**Try it:**
Search the entries for the word "Foto" and report each line that has it.

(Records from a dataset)
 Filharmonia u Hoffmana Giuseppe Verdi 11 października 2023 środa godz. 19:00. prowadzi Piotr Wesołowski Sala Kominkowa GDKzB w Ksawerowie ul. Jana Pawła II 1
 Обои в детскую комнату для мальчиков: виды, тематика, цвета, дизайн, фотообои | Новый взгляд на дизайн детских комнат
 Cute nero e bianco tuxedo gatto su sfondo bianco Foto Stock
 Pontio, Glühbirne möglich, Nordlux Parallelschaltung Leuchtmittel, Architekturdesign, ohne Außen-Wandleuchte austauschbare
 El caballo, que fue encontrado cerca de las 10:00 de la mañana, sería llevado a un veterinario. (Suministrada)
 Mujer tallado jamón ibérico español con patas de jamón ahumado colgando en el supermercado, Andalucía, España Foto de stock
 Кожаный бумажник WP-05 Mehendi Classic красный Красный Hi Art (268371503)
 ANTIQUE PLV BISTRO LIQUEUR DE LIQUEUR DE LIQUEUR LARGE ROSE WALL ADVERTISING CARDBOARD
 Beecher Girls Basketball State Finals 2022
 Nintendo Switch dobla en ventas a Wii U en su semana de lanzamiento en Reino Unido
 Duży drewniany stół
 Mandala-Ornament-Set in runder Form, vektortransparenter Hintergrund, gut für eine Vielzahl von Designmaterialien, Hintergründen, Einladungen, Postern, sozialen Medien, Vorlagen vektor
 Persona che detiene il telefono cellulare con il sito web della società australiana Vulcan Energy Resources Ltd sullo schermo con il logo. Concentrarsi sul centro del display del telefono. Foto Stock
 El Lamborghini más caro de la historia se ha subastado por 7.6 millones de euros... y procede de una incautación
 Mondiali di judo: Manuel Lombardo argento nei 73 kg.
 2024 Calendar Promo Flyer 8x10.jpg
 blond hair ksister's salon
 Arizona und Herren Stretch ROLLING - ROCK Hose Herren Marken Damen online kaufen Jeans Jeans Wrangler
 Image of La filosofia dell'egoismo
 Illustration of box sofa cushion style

**Reply to the task:**
 Cute nero e bianco tuxedo gatto su sfondo bianco Foto Stock
 Mujer tallado jamón ibérico español con patas de jamón ahumado colgando en el supermercado, Andalucía, España Foto de stock
 Persona che detiene il telefono cellulare con il sito web della società australiana Vulcan Energy Resources Ltd sullo schermo con il logo. Concentrarsi sul centro del display del telefono. Foto Stock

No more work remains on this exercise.